The problem: Once the line holding "Parian Ware Bust" is found, output it and all remaining lines of the data exactly, with every picture left out.

*** The data ***

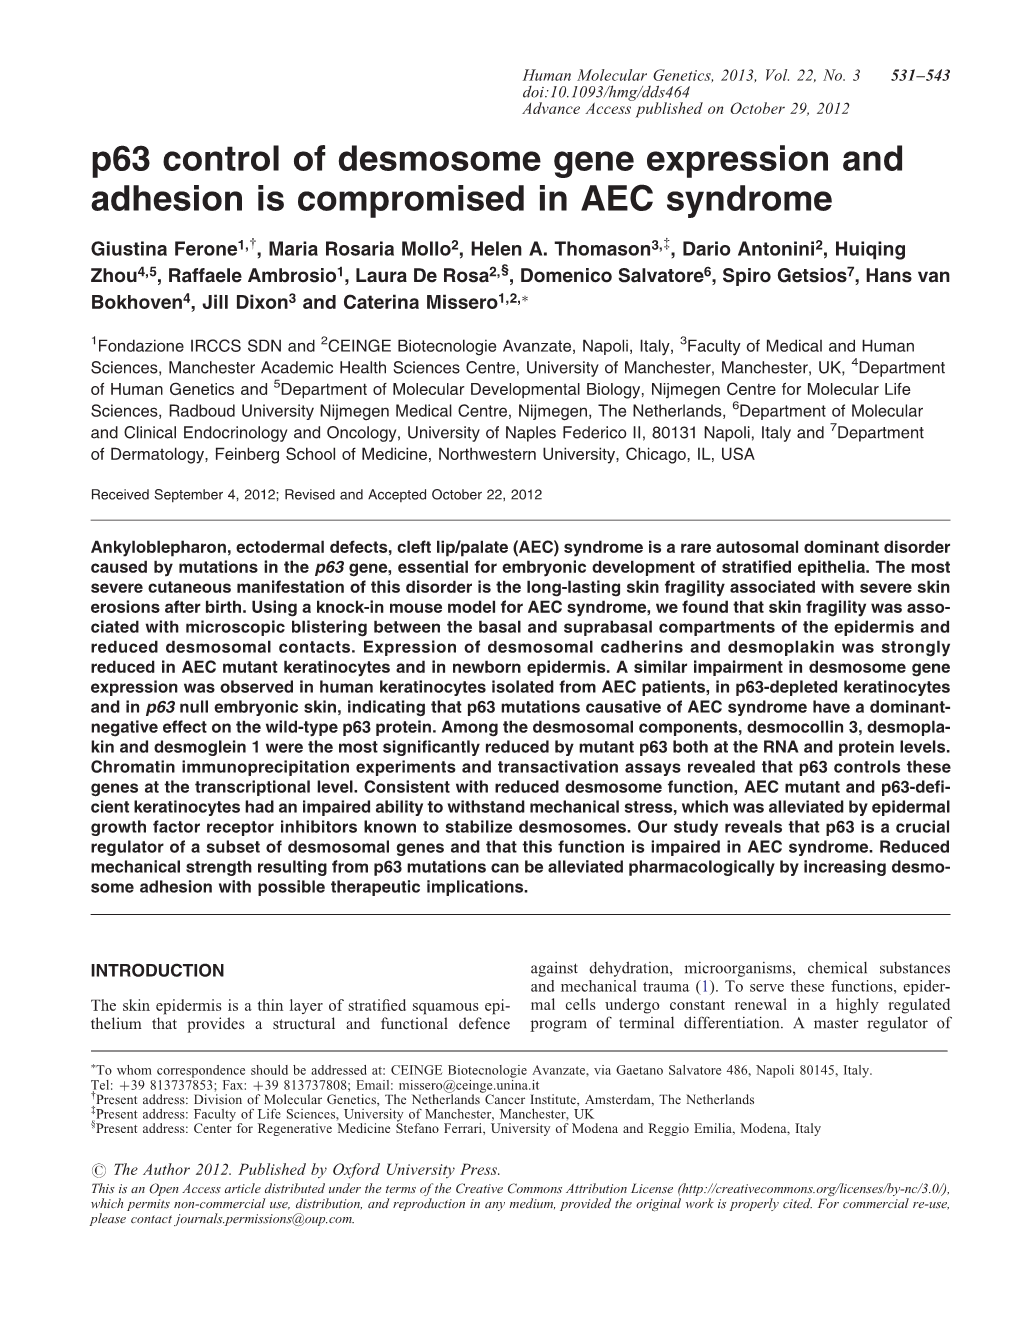 P63 Control of Desmosome Gene Expression and Adhesion Is Compromised in AEC Syndrome
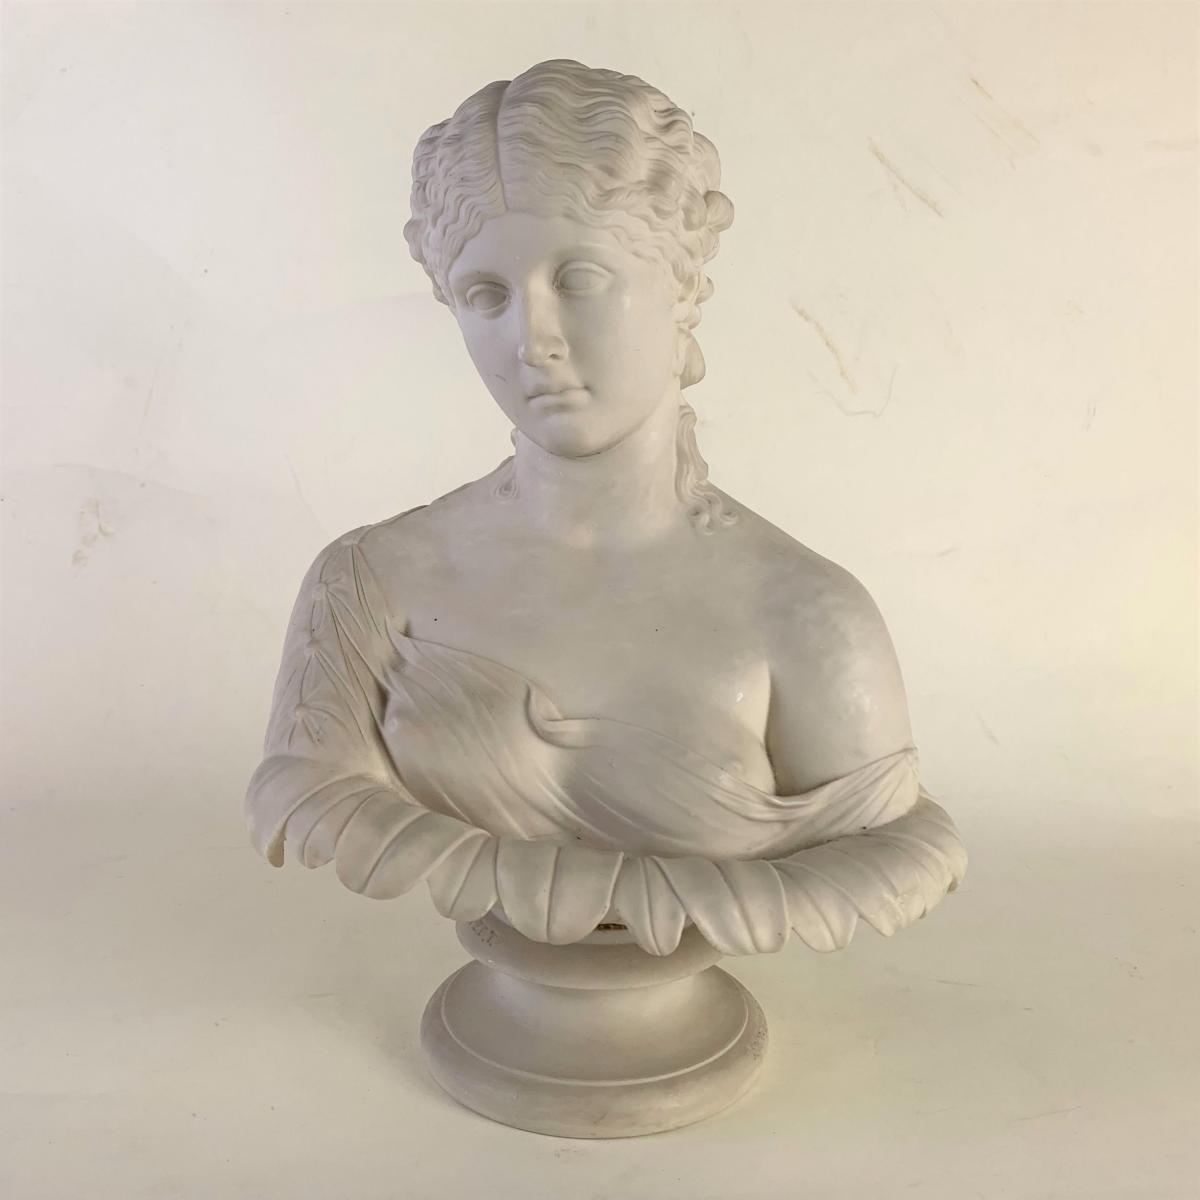 Parian Ware Bust Titled Clytie, Sculpted by C. Delpech
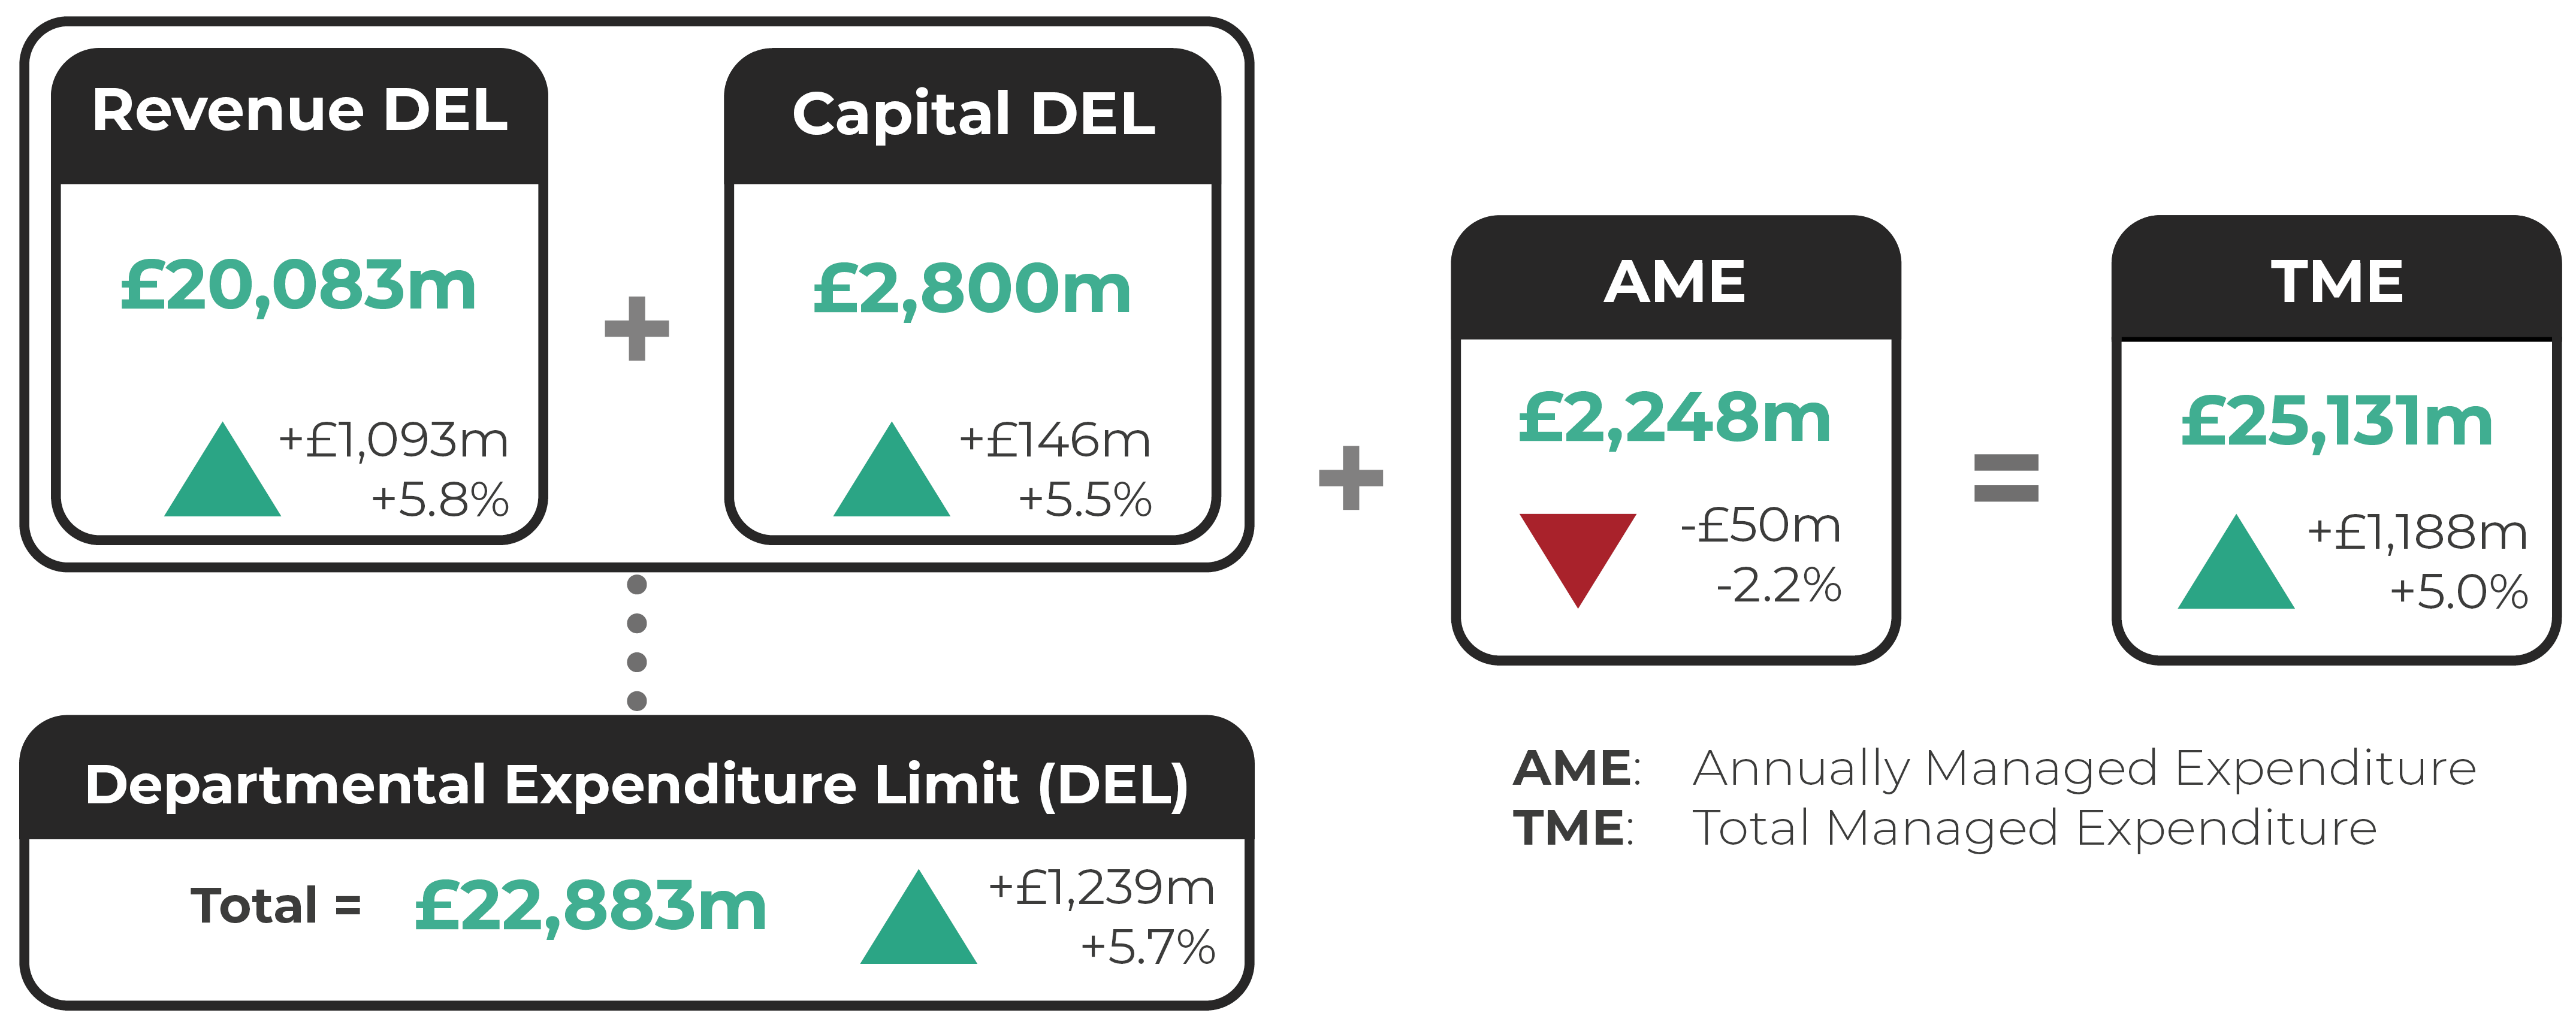 Revenue Departmental Expenditure Limit (DEL): £20,083m (up by £1,093m or 5.8%). Capital DEL: £2,800m (up by £146m or 5.5%). Total DEL: £22,883m (up by £1,239m or 5.7%). Annually Managed Expenditure (AME): £2,248m (down by £50m or -2.2%). Total Managed Expenditure (TME): £25,131m (up by £1,188m or 5.0%).
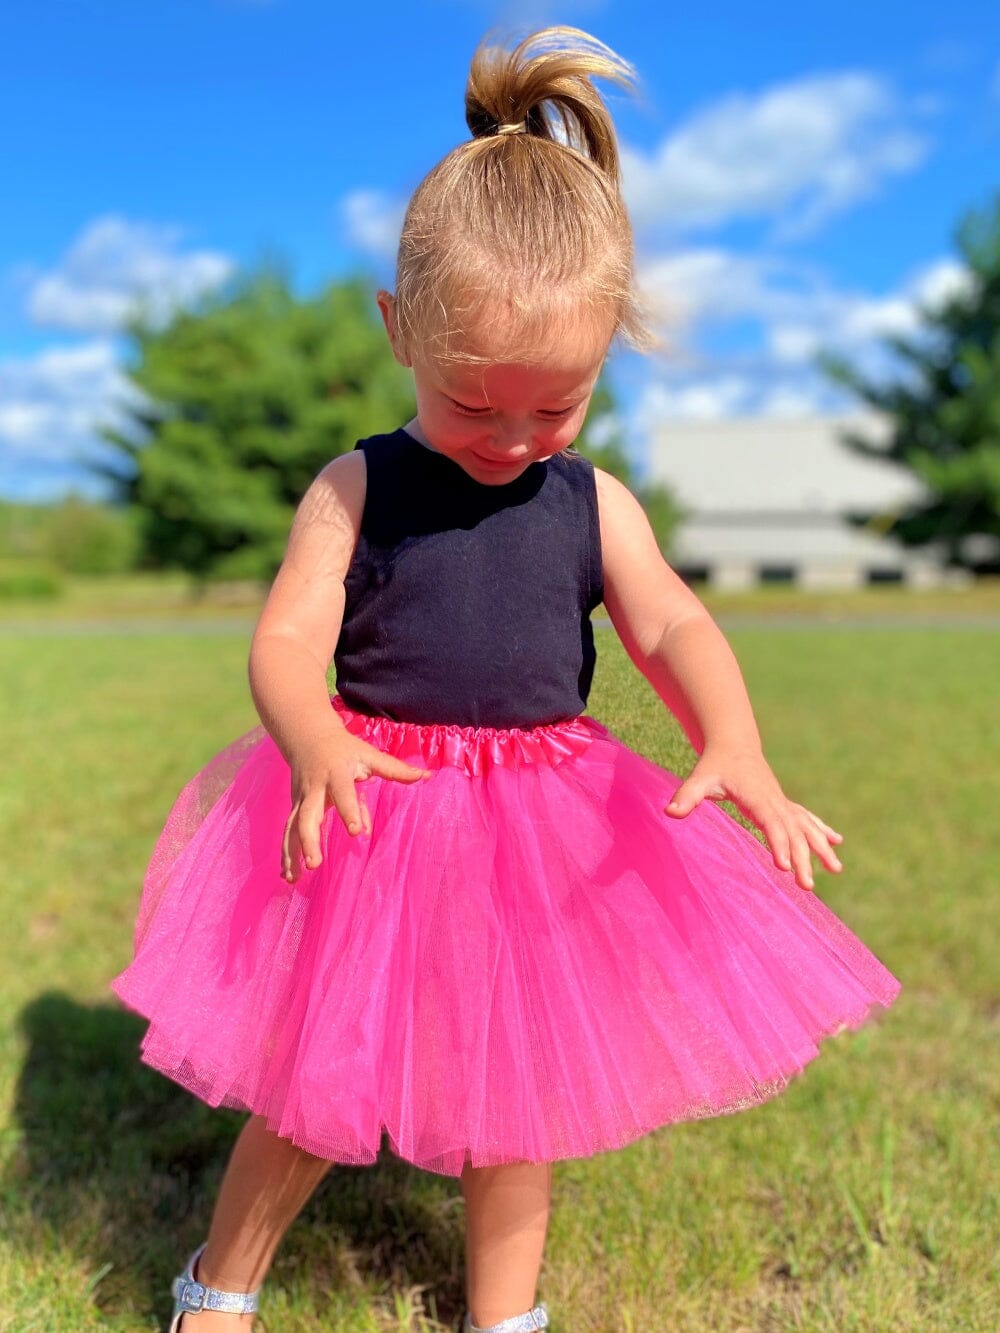 Tutus for Little Girls and Toddlers for Costumes & Dance in Solid Colors

*** End of The data ***

Answer below:
 Parian Ware Bust Titled Clytie, Sculpted by C. Delpech
 Revenue Departmental Expenditure Limit (DEL): £20,083m (up by £1,093m or 5.8%). Capital DEL: £2,800m (up by £146m or 5.5%). Total DEL: £22,883m (up by £1,239m or 5.7%). Annually Managed Expenditure (AME): £2,248m (down by £50m or -2.2%). Total Managed Expenditure (TME): £25,131m (up by £1,188m or 5.0%).
 Tutus for Little Girls and Toddlers for Costumes & Dance in Solid Colors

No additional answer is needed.